I heard a story that an autonomous car in the UK refused to move off at a junction where it had right of way because a cyclist on the give-way road was doing a track stand and it interpreted it as a suicidal nutter constantly about to dash forward.

The point of the story was that you do need to do a fair bit of localisation for situations and habits it won’t have seen in its US test facility, but they do try and fail safely.
 BFG 17 Nov 2017
In reply to LeeWood:

> Its sure there are a few unknowns here, but the basic issue is - can self-drive and cyclists mix on the road with safety?

Yes.

> Given that humans are poor at spotting cyclists, and they are the ones which program these cars it leaves me uneasy.

I don't think programming - in this context - works how you think it does.
 JoshOvki 17 Nov 2017
In reply to wintertree:

Yeah!
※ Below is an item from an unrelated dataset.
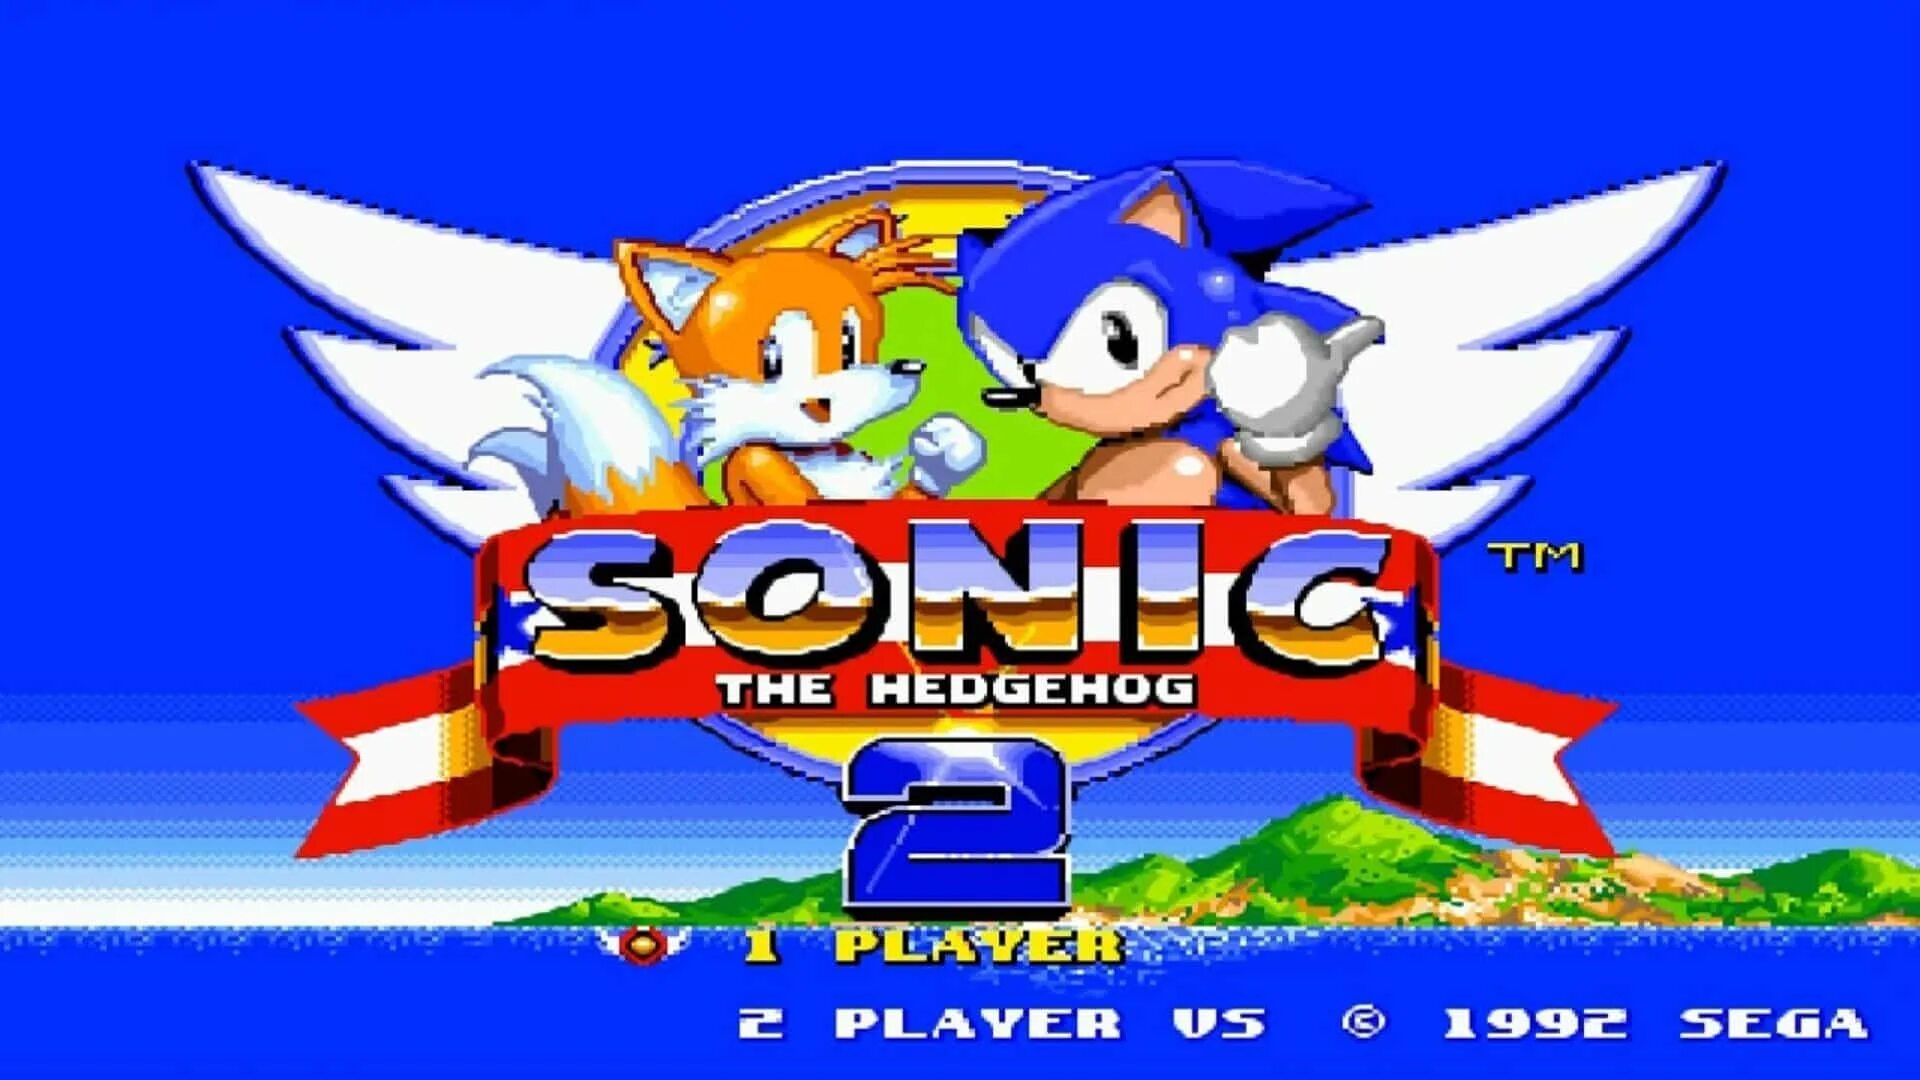 Sonic the hedgehog 2 андроид. Соник в игре Соник 2. Sonic the Hedgehog 2 (16 бит). Ежик Соник 2. Sonic the Hedgehog игра.

I think they have changed it so it doesn't do things exactly text book now, although I am not 100% on that.

When I was doing my CBT the instructor said something I hadn't thought of before:

"If everyone followed the highway code to the text, the only crashes would be mechanical failure", turns out he was pretty much spot on (apart from a week later I crashed my bike on a cattle grid and broke my arm, it wasn't covered by the highway code...).
 jkarran 17 Nov 2017
In reply to LeeWood:

> Its sure there are a few unknowns here, but the basic issue is - can self-drive and cyclists mix on the road with safety?

They're proving safer than human drivers so far in tests, given it's early days I think that bodes well for the future. Whether they'll prove as proactive and intuitive as a good, experienced and self-aware driver can be I'm dubious but that's not who is likely to knock you off and even they have lapses of attention.

> Given that humans are poor at spotting cyclists, and they are the ones which program these cars it leaves me uneasy.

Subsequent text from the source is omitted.